Closures are the bomb-diggity.
With all that said, we can now instrument our Cuid2.cfc
instance and see where the execution times are being squeezed:
<cfscript>
cfsetting( requestTimeout = 300 );
length = 24;
cuid = new lib.Cuid2( length );
count = 1000000;
// Inject all the proxy timing methods into the CUID instance.
timings = new Instrumenter().instrument( cuid );
for ( i = 1 ; i <= count ; i++ ) {
token = cuid.createCuid()
}
writeDump(
label = "CUID Execution Times (#numberFormat( count )# Tokens)",
var = timings
);
writeDump({
"last-token": token
})
</cfscript>
As you can see, we're instrumenting the Cuid2.cfc
ColdFusion component, generating 1-million tokens, and then outputting the timing
aggregate. And, when we run this ColdFusion code, we get the following output:
Very interesting and surprising results! This CUID2 component spends 30% of its overall execution time just pricking random numbers. Unlike FusionReactor - which shows how method invocations are nested - we only get the list of method names, which lacks any indication of relationship. However, if we look at the ColdFusion component source for Cuid2.cfc
, the secureRandRange()
method doesn't call any other methods - it's a "leaf node", so to speak, in the control flow. I'm not sure how much that can even be optimized.
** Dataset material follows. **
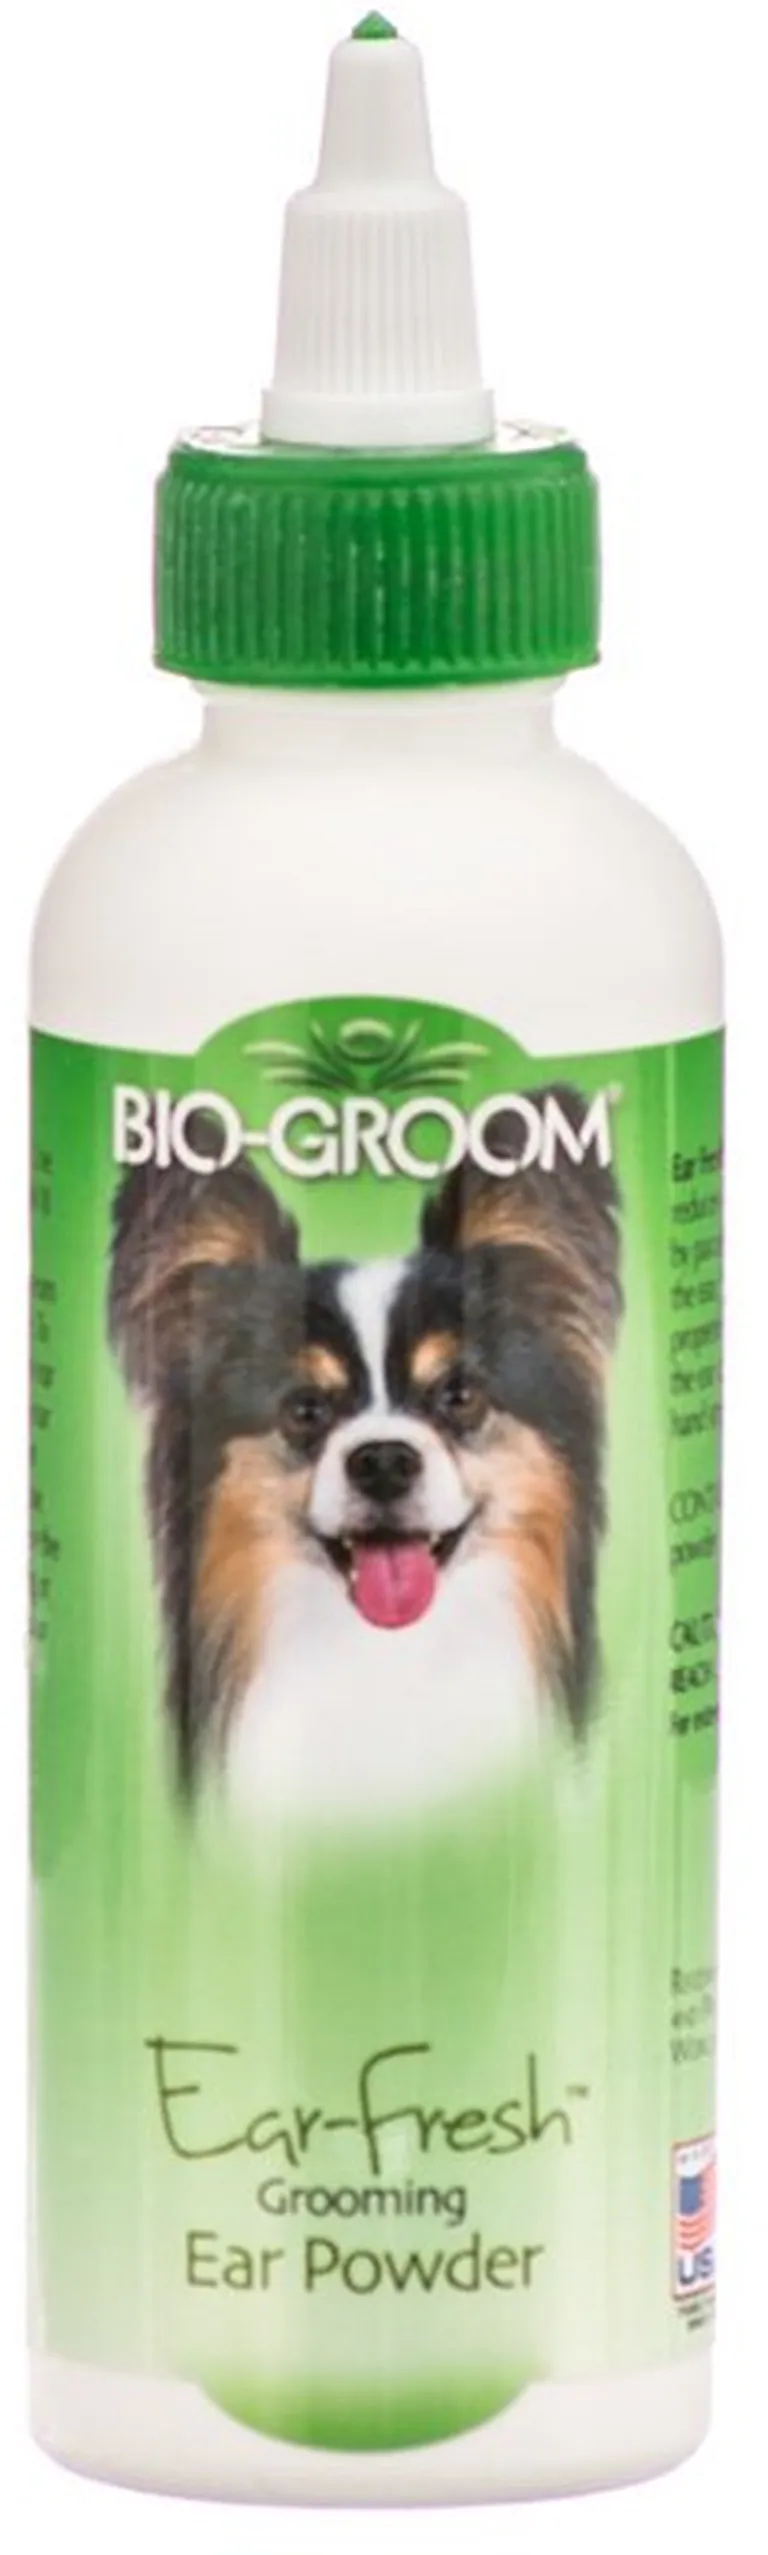 Bio Groom Ear Fresh Grooming Powder for Dogs Photo 2

But, this isn't a post on how to fix my CUID2 implementation, this is just a post on dynamically instrumenting ColdFusion component methods to get timing data. And, hopefully there's been something here that you found interesting.
Want to use code from this post? Check out the license.
Reader Comments
Hi Ben, thank you for your nice work!
Sorry, but why not use the native ColdFusion debug inspector activated via "Report Execution Times" ?
@Paolo,
Because I literally 100% forgot that ColdFusion had any debugging capabilities 🤣 🤣 🤣 Let me see if I can get that turned on.
@Paolo,
It looks like Lucee CFML gives the template times and the variable access counts, but not the execution times. I'll see if I can get Adobe ColdFusion's debugging enabled.